# 1945 womens columbia... in black



## Barkeep (Sep 23, 2016)

Just got this and havent cleaned her up yet. Its a 1945 with blackout hubs. I found it interesting that the bike is original black and white paint. I feel I have seen very few pics of black paint scheme girls bikes... any one have any imsight, comments, etc on that? Pics before clean up...










Ill get some better after cleanup pics soon.


----------



## catfish (Sep 23, 2016)

Looks like a Westfield Built bike. Not a Columbia. What badge is on it?


----------



## Barkeep (Sep 23, 2016)

Yes, a Westfield built Columbia. I should have specified. It has a Columbia badge. Have family in town so pics to follow...

Sent from my SM-G925T using Tapatalk


----------



## Kato (Sep 23, 2016)

That looks like it's gonna clean up really nice !!!


----------



## MrColumbia (Sep 23, 2016)

From the 1945 "Wartime Restrictions Lifted" catalog. They were still using up the blackout hubs at this time.


----------



## MrColumbia (Sep 23, 2016)

Black was one of only three color options for this bike.


----------



## Bozman (Sep 23, 2016)

I have one in my collection in original black and white scheme. 

Sent from my SM-N910V using Tapatalk


----------



## Barkeep (Sep 23, 2016)

Again MrColumbia thank you! Bozman, have any pics? 

Sent from my SM-G925T using Tapatalk


----------



## Bozman (Sep 23, 2016)

Here are the pics as I found the bike. I'll see about finding some pics when she was cleaned up. 

Sent from my SM-N910V using Tapatalk


----------



## Mercian (Sep 24, 2016)

Hi All,

Aargh, Columbia chainwheels again. Please believe me, I really do have other interests in life... (-:

The pictures of ladies bikes on Mr. Columbia's catalogue show two different styles of chainwheel. In the top photo the cutouts are angular,with five arms and smaller triangular cutouts in the spandrels, and in the bottom photo it has four arms, with kidney shaped cutouts, the same as the men's bicycle.

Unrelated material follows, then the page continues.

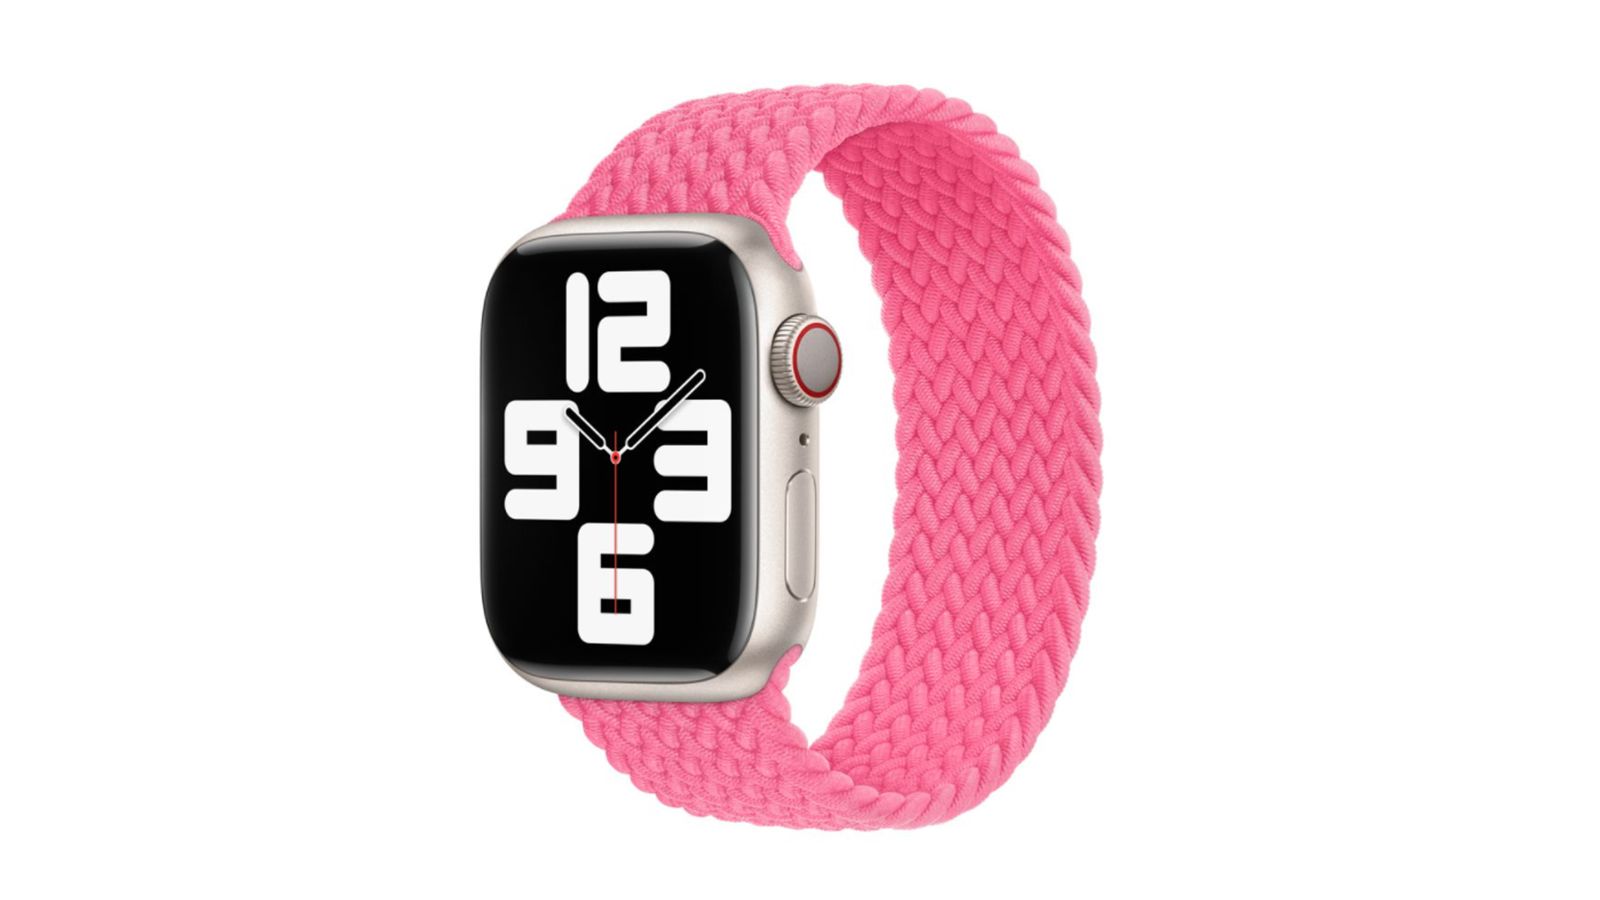 Apple's Spring 2022 colors for watch bands and cases

Bozman's bike, with the earlier frame number has the five arm angular chainwheel, which seems to be the same as that used on the ladies military bicycle (M306), which would make sense if still using up old WW2 stock.

Barkeep's bike has a later frame number, and uses the four arm kidney chainwheel, which seems to have been standardised between the men's and ladies bikes at some point, maybe when they ran out of the earlier chainwheels?

Best Regards,

Adrian


----------



## Mercian (Sep 24, 2016)

PS, if you (Bozman, Barkeep), have the opportunity, could you tell me the other number/letter stamped on your crank tube (N something on Bozman's).

Ta Muchly,

Adrian


----------



## Bozman (Sep 24, 2016)

Mercian said:


> Hi All,
> 
> Aargh, Columbia chainwheels again. Please believe me, I really do have other interests in life... (-:
> 
> ...



Adrian, 

Wait until I post a pic of my 1945 Men's Westfield's chain ring.  [emoji2] 

Boz

Sent from my SM-N910V using Tapatalk


----------



## Barkeep (Sep 25, 2016)

Thanks for the pics. Ours are twins for sure.







Ill post more after cleanup, the seat/bars/etc are in the garage.


----------



## Bozman (Sep 25, 2016)

Here is a shot of the original light and chain ring on my 1945 Westfield








Sent from my SM-N910V using Tapatalk


----------



## Bozman (Sep 25, 2016)

Sent from my SM-N910V using Tapatalk


----------



## Huffykid (Jun 17, 2017)

Can someone help me identify this Columbia?

Bottom says - M141156


----------



## Bozman (Jun 18, 2017)

M serial numbers are 1948 if my memory serves me right. 

Sent from my SM-N910V using Tapatalk


----------



## Krakatoa (Jun 18, 2017)

Here's my '45 Westfield


----------